In this study, MTT assays were performed to determine cell viability. No effect of low concentrations of silibinin (≤100 µM) on cell viability was observed. However, at high silibinin concentrations (≥200 µM), cell viability decreased significantly to approximately 60% of control levels. These findings suggest that the effect of silibinin on MCF-7 cells was dose dependent. In 1999, Bhatia et al. [21] reported that treating of prostate, breast, and cervical carcinoma cells with silibinin results in a highly significant inhibition of cell growth and DNA synthesis in a time-dependent manner with a large loss of cell viability only in the case of cervical carcinoma cells. Tyagi et al. [3] reported that silibinin alone results in growth inhibition in a dose-and time-dependent manner. Moreover they suggested that silibinin synergizes with conventional cytotoxic agents during breast cancer treatment. Recently, several studies reported the mechanism underlying the cytotoxicity of silibinin in breast cancer [2,12].

Apoptosis is a distinctive form of cell death, resulting in the death of specific cell populations during physiological processes [22,23]. Inhibiting apoptosis is a possible mechanism of tumor development, and many chemopreventive agents act through the induction of apoptosis to inhibit the carcinogenic process. Therefore, the induction of apoptosis in breast cancer cells may be one of the mechanisms of the anticancer effect of silibnin. Here, we found that silibinin induced apoptotic cell death in MCF-7 cells. PARP cleavage in silibinin-treated and untreated cells was measured, as PARP cleavage is the hallmark of apoptotic cell death [24]. Silibinin (200 µM) strongly induced PARP cleavage. This finding was similar to another study showing that silibinin strongly induces apoptosis in renal cell carcinoma cells [4].

It has long been recognized that tumor suppressor protein p53 is induced by DNA damage [20]. The resulting increase in p53 leads either to the induction of cell cycle arrest or apoptosis. Thus, functional p53 provides a protective effect against tumor growth [25]. Additionally, several studies have shown that silibinin induces p53-dependent apoptosis in various cancer cells [26,27]. Therefore, we measured p53 expression to determine the possible role of p53 in the induction of apoptosis by silibinin in MCF-7 cells. Silibinin increased the level of p53 in a dose-dependent manner, which may have occurred due to increased half-life. However, silibinin has no effect on PTEN expression in MCF-7 cells [28], indicating that silibinin induces p53 protein expression specifically in breast cancer cells. Further studies are in progress to define the role of p53-independent pathway in the induction of silibinin-induced apoptosis in MCF-7cells.
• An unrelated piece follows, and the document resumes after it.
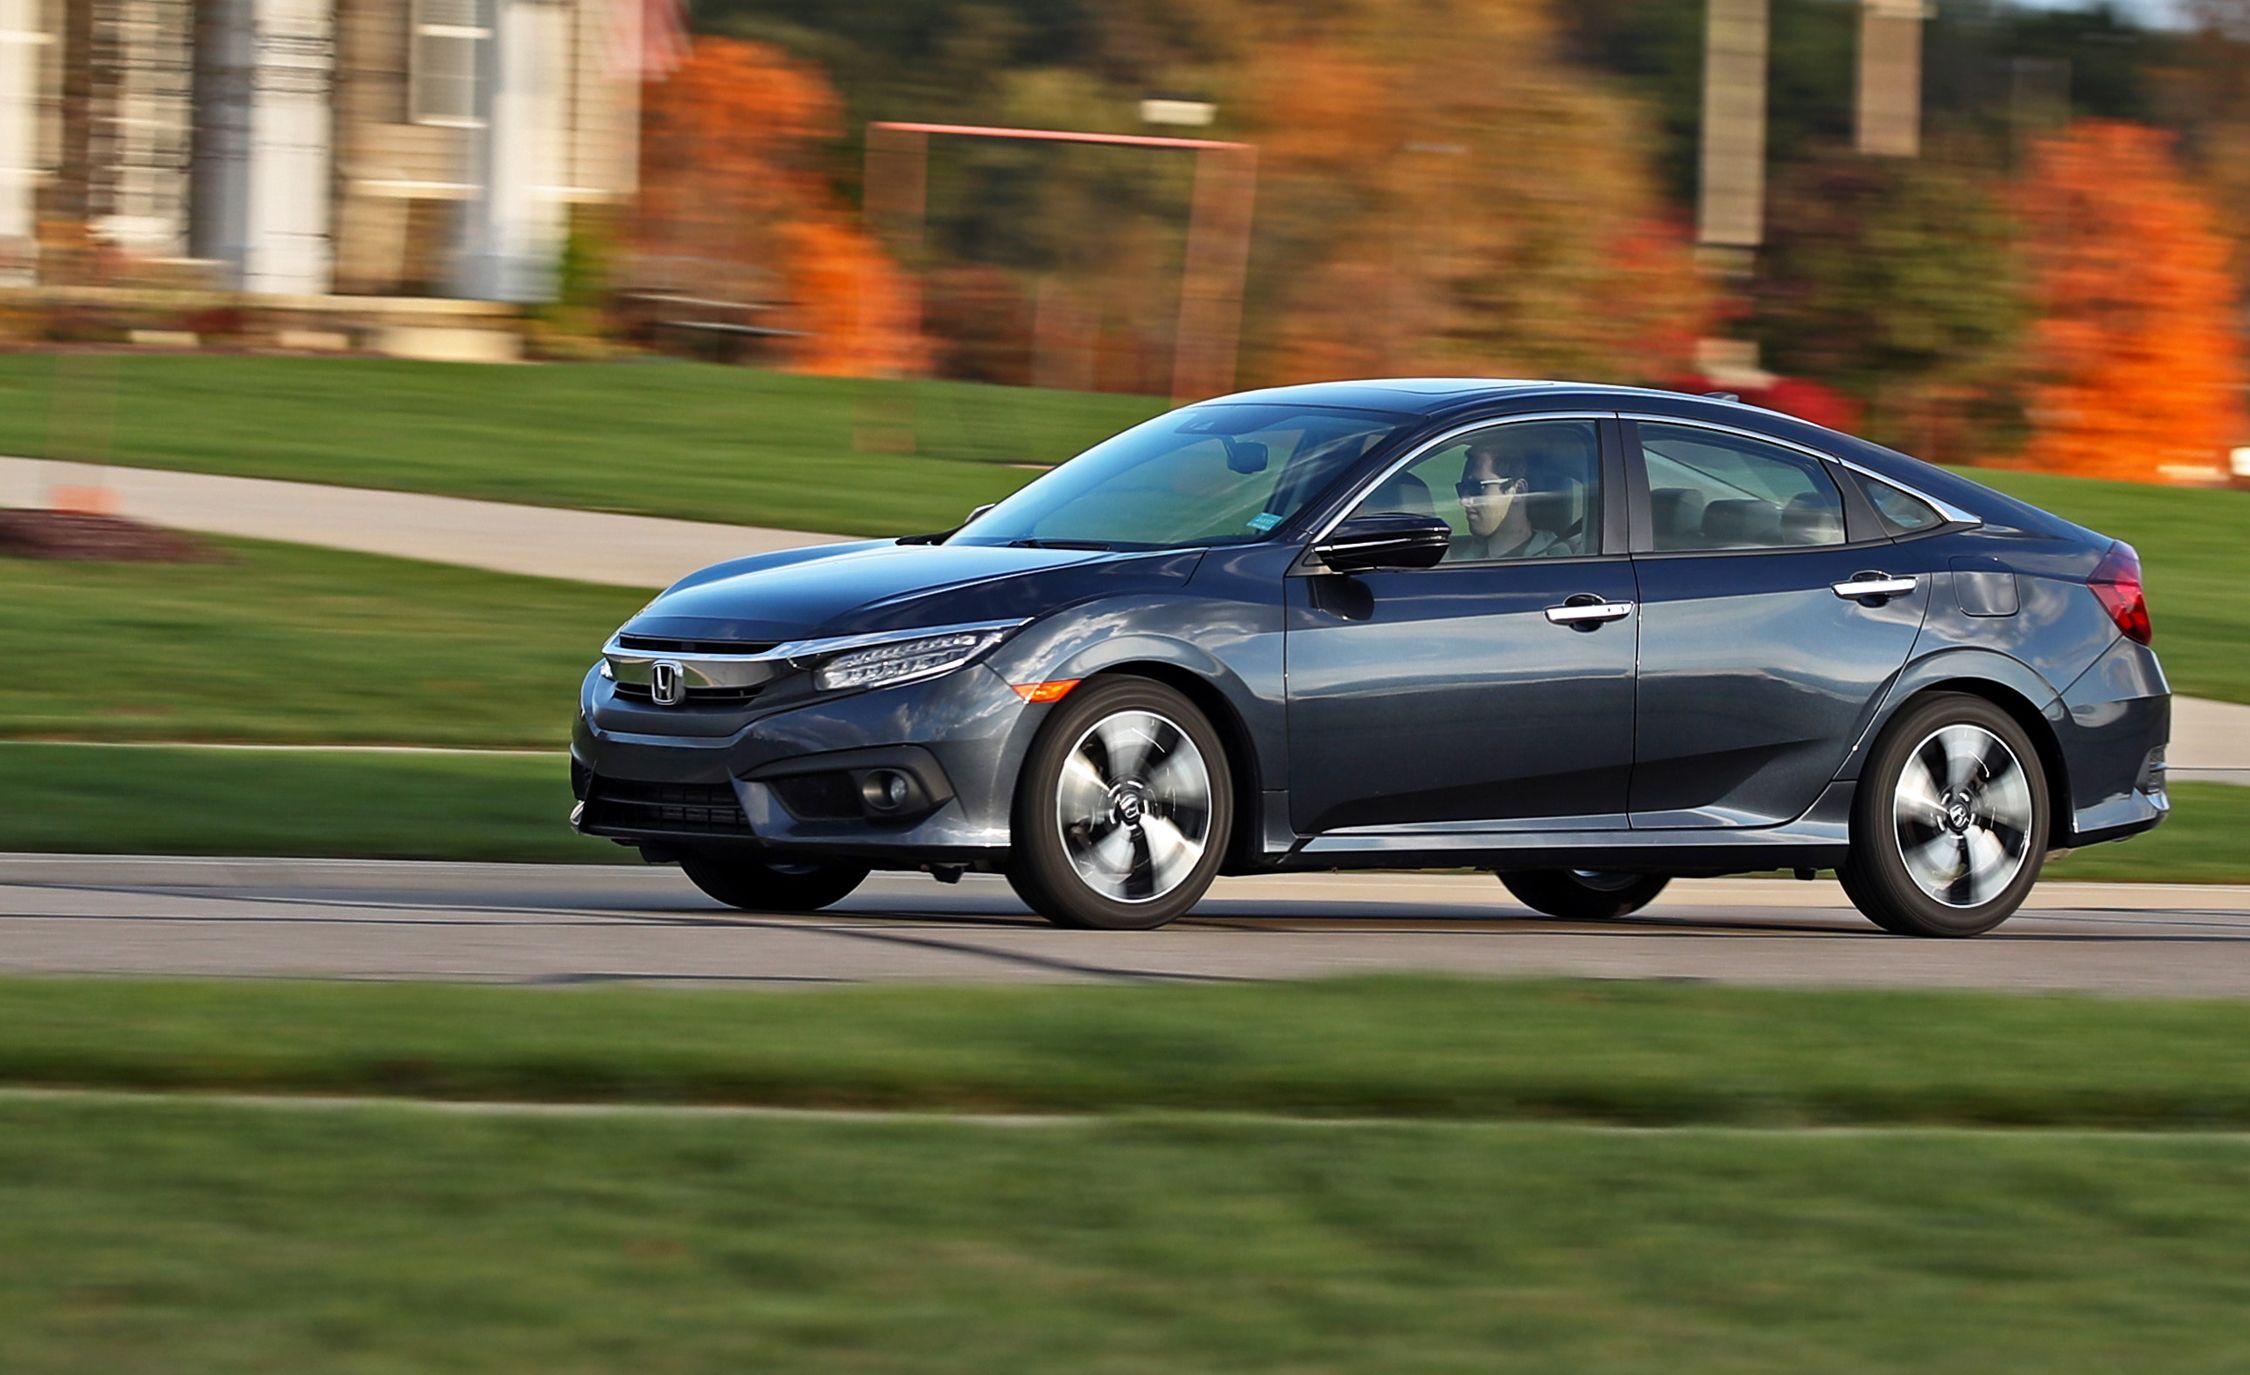 honda civic coupe manual 2016 review

In 2003, Ferguson et al. [16] reported that apoptosis can be induced in MCF-7 cells after UV treatment. Then, Mohan et al. [29] reported that UVB showed a dose- and time-dependent apoptotic death in human epidermoid carcinoma cells, and that silibinin pre-treatment resulted in an increase in UVB-induced apoptosis. In this study, we found that UVB caused a significant increase in loss of viability and apoptosis in MCF-7 cells. Cell viability was significantly less in silibinin-pretreated cells than in silibinin or UVB irradiated alone cells, and apoptosis was greater. These results suggest that silibinin enhanced UVB-induced apoptosis in MCF-7 cells. These findings encourage further mechanistic and in vivo studies to develop silibinin as a chemopreventive or chemotherapeutic agent that enhances UVB-induced apoptosis in human breast cancers.